Visa pour l’image : Dans les entrailles de Potosi
Exposé à Visa pour l’image, à Perpignan, Miquel Dewever-Plana a suivi les mineurs boliviens. Un voyage au bout de l’enfer.
Son travail photographique a toujours été influencé par l’auteur uruguayen Eduardo Galeano. Lequel écrit dans Les Veines ouvertes de l’Amérique latine combien « Potosi, condamnée à la nostalgie, tourmentée par la misère et le froid, reste une plaie ouverte dans le système colonial américain : une accusation toujours vivante. Le monde devrait commencer par lui demander pardon ». Galeano a tôt fait de relater, dans les années 1970, rappelle le photographe Miquel Dewever-Plana « la discrimination des peuples premiers, l’histoire du pillage des ressources naturelles et les atteintes aux droits humains sur ce vaste continent ».

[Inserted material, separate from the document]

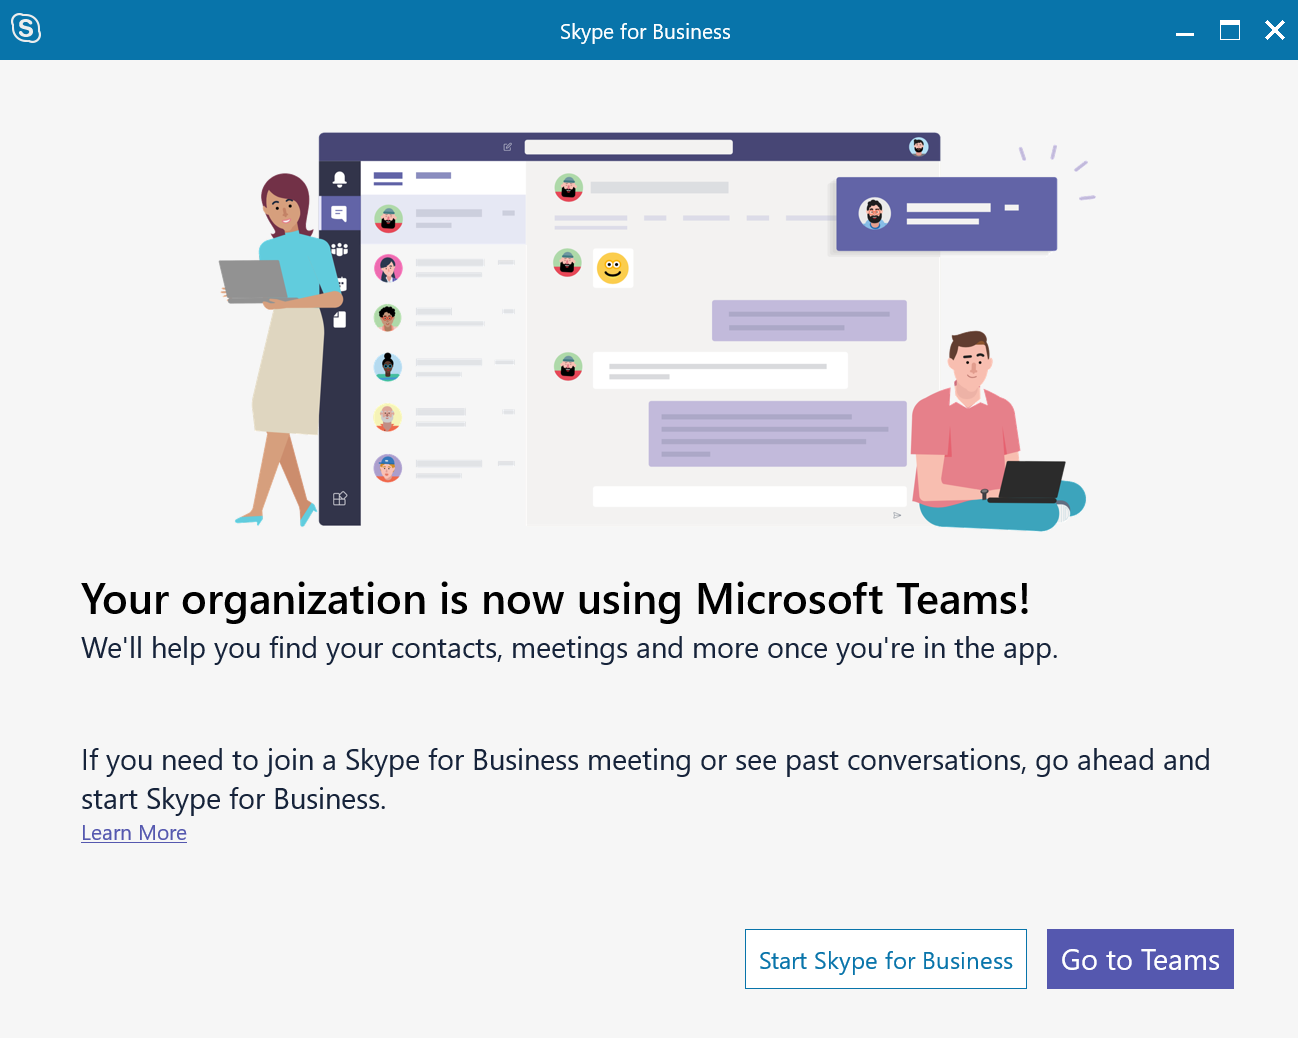 Enabling Skype for Business in a new Teams-Only Office

Ce travail présenté à Visa pour l’image, à Perpignan, réalisé dans les entrailles des mines de Potosi, en Bolivie, se veut un nouveau chapitre de la radiographie qu’il poursuit depuis quelque vingt ans en Amérique latine. Cette fois, pendant près de neuf mois, Miquel Dewever-Plana a partagé la vie des mineurs de Potosi.
La photographie et Potosi, c’est déjà une histoire longue (Sébastien Berrut, Yves Mailliere et Régis Bonnerot récemment), toujours recommencée, parce qu’on creuse toujours plus loin, fouillant les boyaux étroits du ventre de la montagne, culminant à plus de 4 700 mètres d’altitude. Avec toujours la même quête : trouver le filon d’argent qui mettrait fin à une pauvreté tenace. Pour ça, on multiplie les prières, les offrandes, les sacrifices, les processions. Dewever-Plana a suivi son sujet au plus près, négociant avec la lumière. Les rituels, le tout-venant, l’ordinaire. Celui des wagonnets, celui des repas partagés en famille. Un peuple aux joues gonflées par les feuilles de coca mâchées toute la journée, pour atténuer la faim et calmer les souffrances physiques.
« Obscurité, chaleur, poussière, vapeur d’arsenic, manque d’oxygène sous la terre pour les hommes. Lumière, vent et froid qui brûlent les yeux et la peau sur les pentes arides de la montagne pour les femmes. » Les conditions de travail n’ont presque pas changé depuis cinq siècles. Tout juste, observe le photographe, si l’espérance de vie d’un mineur est aujourd’hui de 50 ans. Elle était de moins de 35 ans il y a quelques décennies. Mais ils continuent encore de creuser, par milliers. Parce que les paysans indiens n’ont pas d’autre choix que d’abandonner une terre qui ne les nourrit pas.
Bolivie : pour tout l’argent de Potosi, Miquel Dewever-Plana, Visa pour l’image, Perpignan, jusqu’au 16 septembre. Entrée libre.